This article originally appeared in Issue 5 (May 2020).
“Mrs H” was a 71-year-old lady with a history of Bipolar Affective Disorder. She was also suffering from squamous cell carcinoma on her face, but for an extended period of time, she refused to accept the diagnosis or undergo any treatment.
She had been assessed as lacking capacity to make decisions in relation to her medical treatment in May 2019, but the Trust providing her with care did not make an application to the Court of Protection to confirm the way forward until December. That is because the clinicians involved were “perplexed as to whether it was appropriate and if so in what circumstances for Mrs H effectively to be forced, physically and by coercion if necessary, to attend for her treatment and, if so, how that might be achieved”.
Hayden J expressed some criticism of this delay, querying why an application had not been made sooner. He reiterated his view, as expressed in a number of his previous judgments, that although an avoidance of delay was not explicitly incorporated into the scheme of the Mental Capacity Act 2005, it was to be read into that scheme by virtue of Articles 6 and 8 of the European Convention on Human Rights (“ECHR”), particularly because in many cases delay would be inimical to the best interests of the patient concerned. He also referred to the Guidance recently promulgated by the court, which confirmed that applications were appropriate where e.g. the merits of the case were finely balanced, or there was a difference of medical opinion. At  of his judgment he said:
“The Mental Capacity Act creates what can both conveniently and accurately be described as a presumption of capacity and, where it is absent, imposes upon those best placed to do so, an obligation to deploy all reasonable options available to them in order to promote a return to capacity. A reasonable period before making an application might have been a week, two weeks, three weeks, but it was certainly not 6 months.”

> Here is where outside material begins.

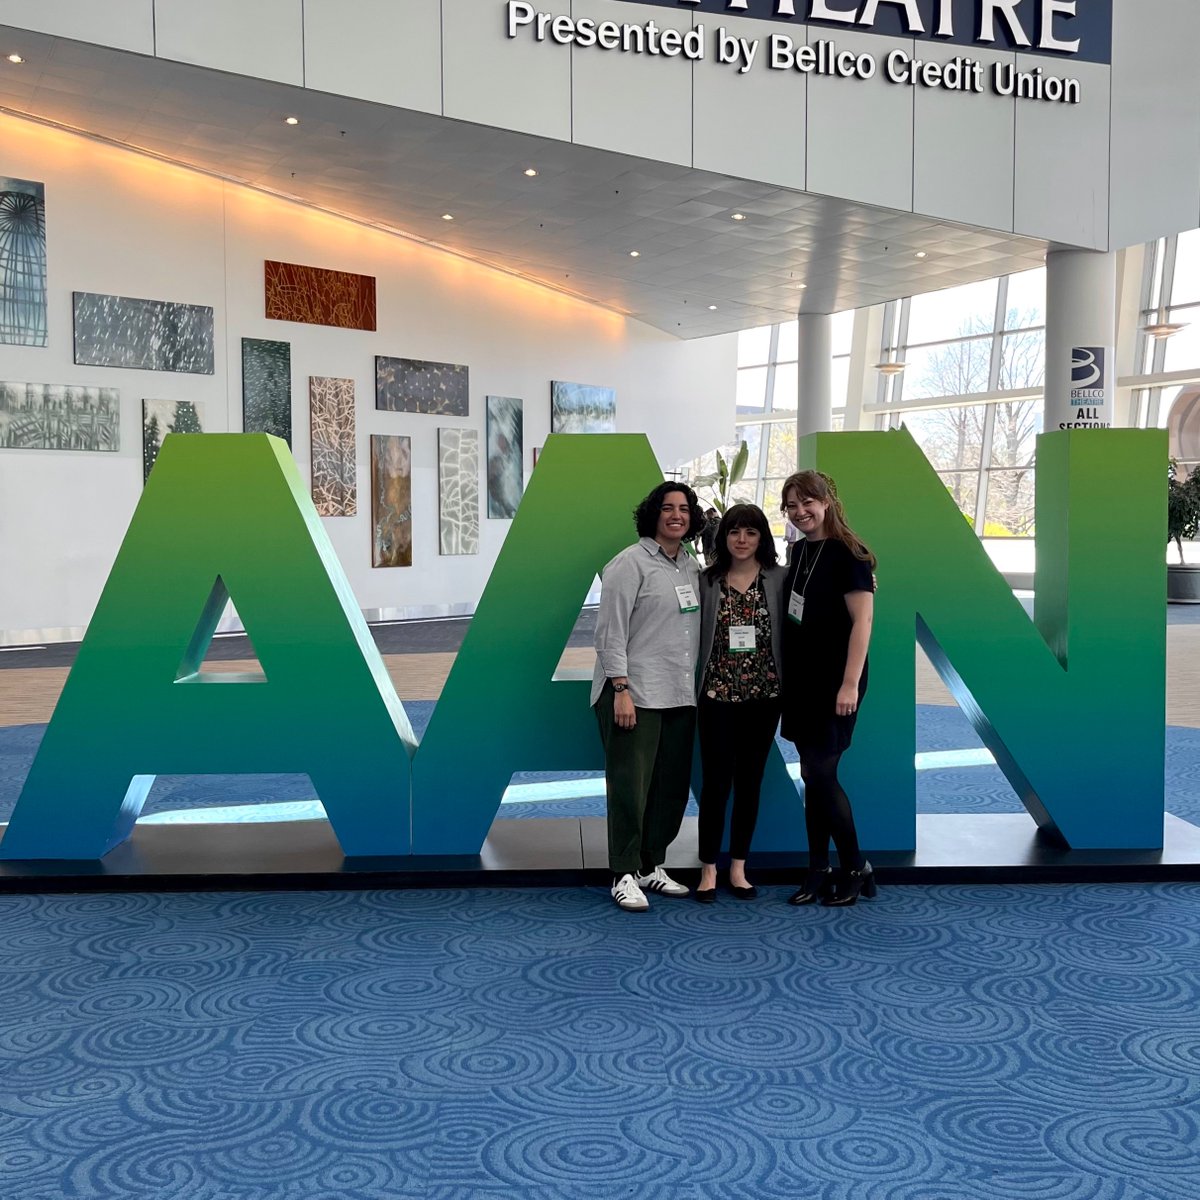 Another day of learning and connections at #AANAM! Engaging with experts and spreading our mission to raise awareness, build community, improve care and find a cure for PSP, CBD and MSA.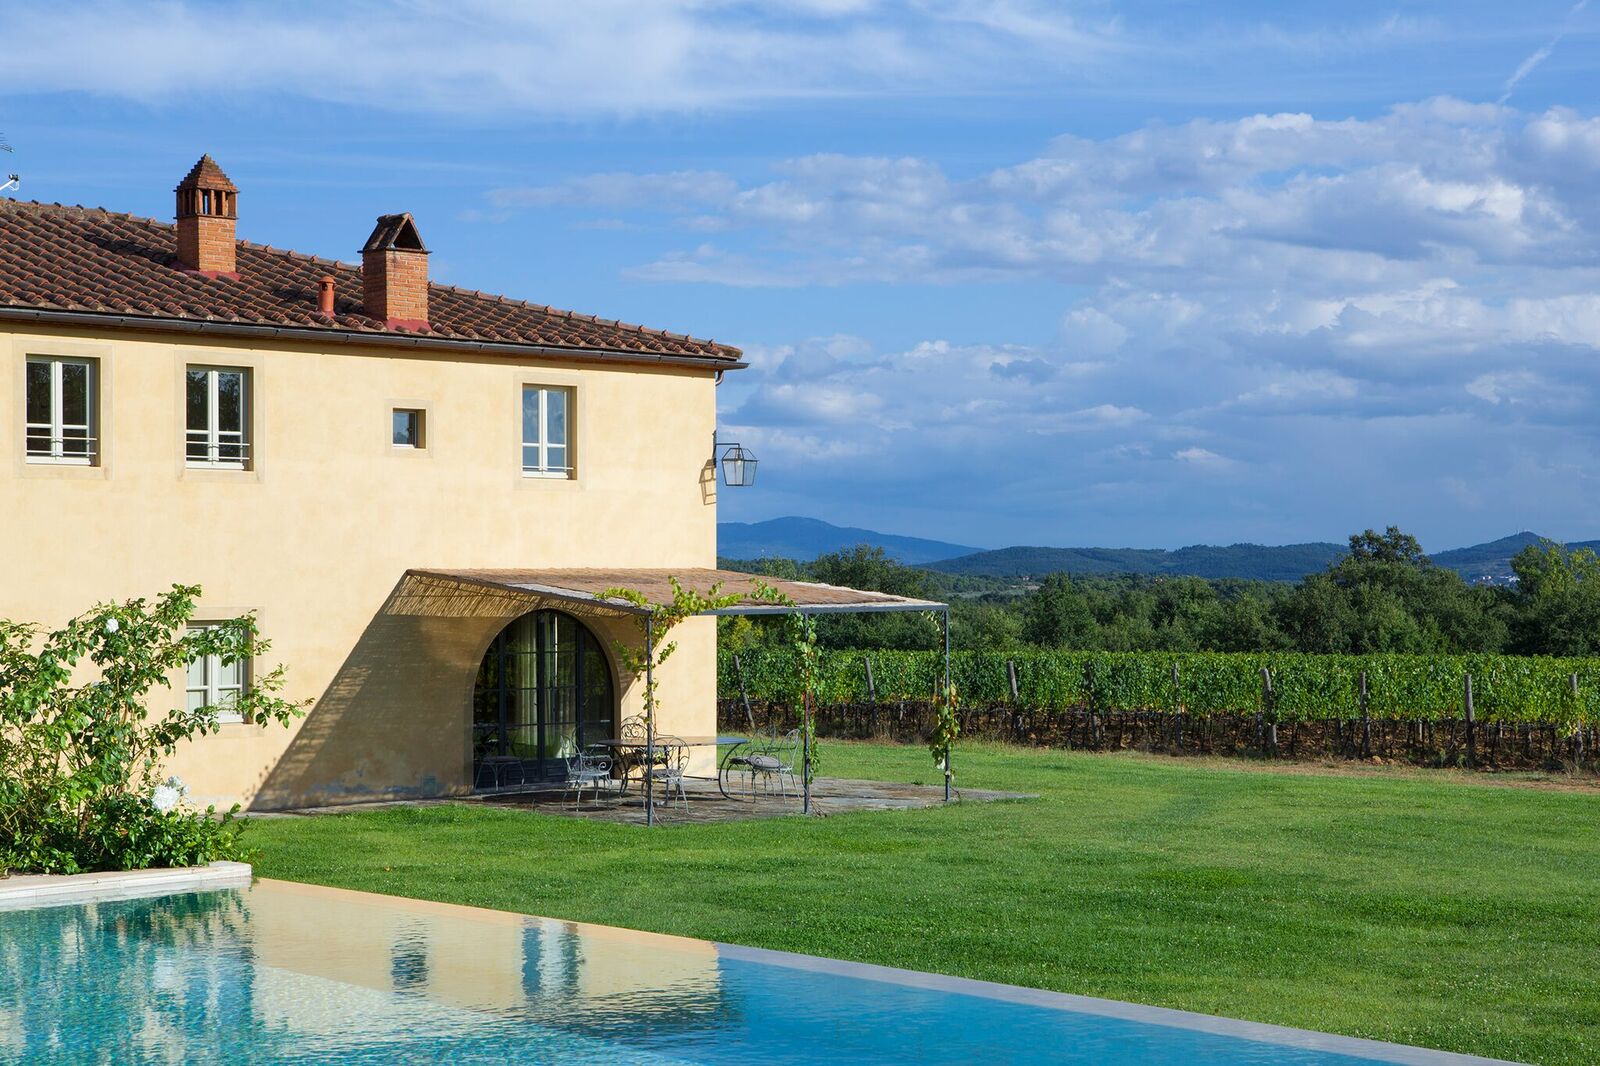 This Tuscan Hotel Keeps the Beauty of Nature and History Alive

The merits of the application before him make for utterly tragic reading. During the period when Mrs H refused to accept the diagnosis or engage with treatment, the lesion on her face grew significantly, to a point where it was causing significant pain and discomfort. Without any treatment, she was likely to face an agonising decline and death within a period of months. The lesion had become so extensive that curative radiotherapy was no longer a viable option, and there were even risks that surgical excision, which offered the best hope of curative treatment, would fail – particularly if the tumour had become attached to the eyeball. Palliative options were also limited.
A particular feature of the case was that, by the time of the hearing, Mrs H had met and reposed her trust in a particular clinician – this engagement had led her to become, to an extent, acquiescent to treatment, although as the court noted, she was still not consenting “in any capacitous way”. However, the new circumstances meant that the proposed care plan did not propose the use of force to bring about treatment (e.g. through restraint and sedation). Rather, the care plan which was ultimately approved by Hayden J (unfortunately not detailed in the judgment) appears to have involved securing Mrs H’s agreement and compliance without explaining the significance of what she was to undergo. Initially, the judge was concerned that she would be “inveigled into serious treatment that she did not understand, in circumstances where there is no longer any plan to try and explain it to her”. However, after considering all the evidence, he concluded that in fact the plan, although unusual, was “intensely sensitive”, and that it was “the appropriate and kindly way forward and one that respects, in different ways, Mrs H’s dignity, her autonomy and the very grave circumstances that she finds herself in”.
He concluded that the proposal was in Mrs H’s best interests.